User generated text from social media has become an important data source to analyze expressed mood and emotions at large scales and high temporal resolutions, for example to study seasonal mood oscillations1, emotional responses to traumatic events2, the effect of pollution on happiness3, and the role of climate change in suicide and depression4. Despite these promising applications, using social media text to measure emotion aggregates can suffer a series of methodological issues typical of studies of this kind of found data5,6,7. Common validity threats are measurement error in sentiment analysis tools and the performative behavior of social media users due to platform effects or community norms. Sampling biases can generate a mismatch between users that produce text and a target group that might include silent individuals.

The validation of sentiment analysis methods has focused on micro level measurement accuracy at the individual post level8. Recent work has assessed the measurement validity also at the individual person level, using historical records of text from a user.
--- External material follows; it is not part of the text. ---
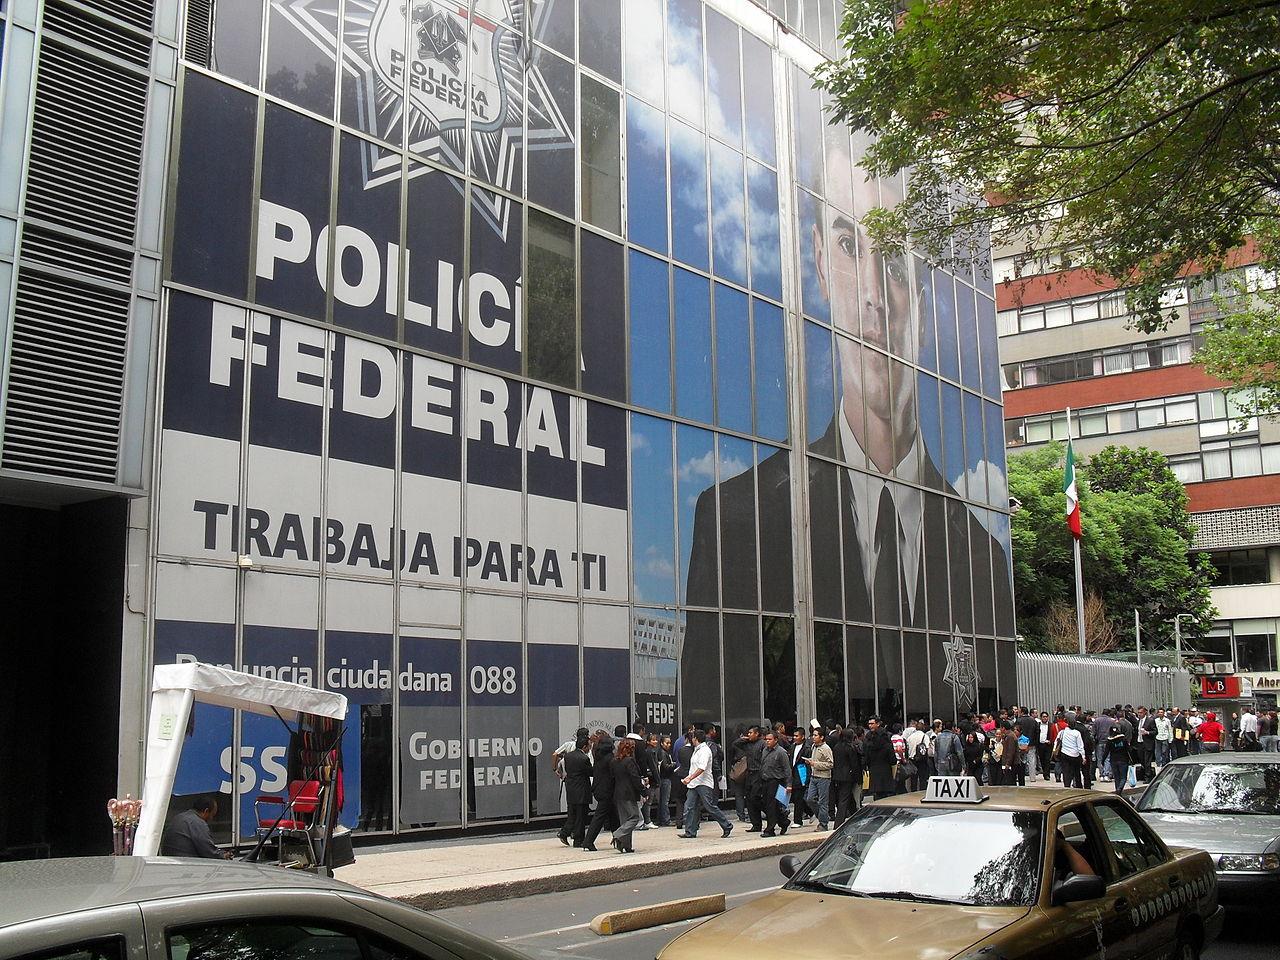 Sentimiento de inseguridad puede aumentar con protesta de Policía Federal: IP

This has revealed low to moderate correlations between aggregates of sentiment produced by an individual over a period of time and emotion questionnaires9,10. At the group level, static measurements of social media sentiment are only moderately correlated with affective well-being and life-satisfaction across regions11. These earlier findings highlight the limits of static aggregations of sentiment to measure concepts like life satisfaction that are only slowly changing over time. However, it is still an open question if analyses of social media text can shed light on faster phenomena, for example core emotional experiences, when we stick to aggregating individual signals to a community of interest and observe variation over time.

Here, we address this research gap by testing whether social media text sentiment tracks the macro level dynamics of emotions with daily resolution in an online community. We study the convergence validity of two approaches to study emotions at scale: sentiment aggregates from social media text and mood self-report frequencies in a survey. For 20 days, we collected 268,128 emotion self-reports through a survey in an Austrian online newspaper. During the same period, we retrieved text data from user discussions on the same platform, including 452,013 posts in our analysis using our pre-existing Austrian social media monitor12. To replicate our results with a second dataset, we conducted a pre-registered analysis of 635,185 tweets by Austrian Twitter users. We applied two off-the-shelf German sentiment analysis tools on the text data: a state-of-the-art supervised tool based on deep learning (German Sentiment, GS13) and a popular dictionary method based on expert word lists (Linguistic Inquiry and Word Count, LIWC14). Our results strongly support the assumption that social media sentiment can reflect both mean levels and changes of self-reported emotions in explicit daily surveys. We additionally analyze positive and negative components of the sentiment analysis methods to provide further methodological insight on how to measure time series of experienced mood in online communities.

Results

We measured the time series of experienced mood as the fraction of self-reported positive mood over the total of self-reports in a day. We coupled this with a daily sentiment aggregate based on text in the platform’s forum (derstandard.at), namely the average of the GS and LIWC scores (see “Sentiment analysis” and “Text data” in “Methods” for more details).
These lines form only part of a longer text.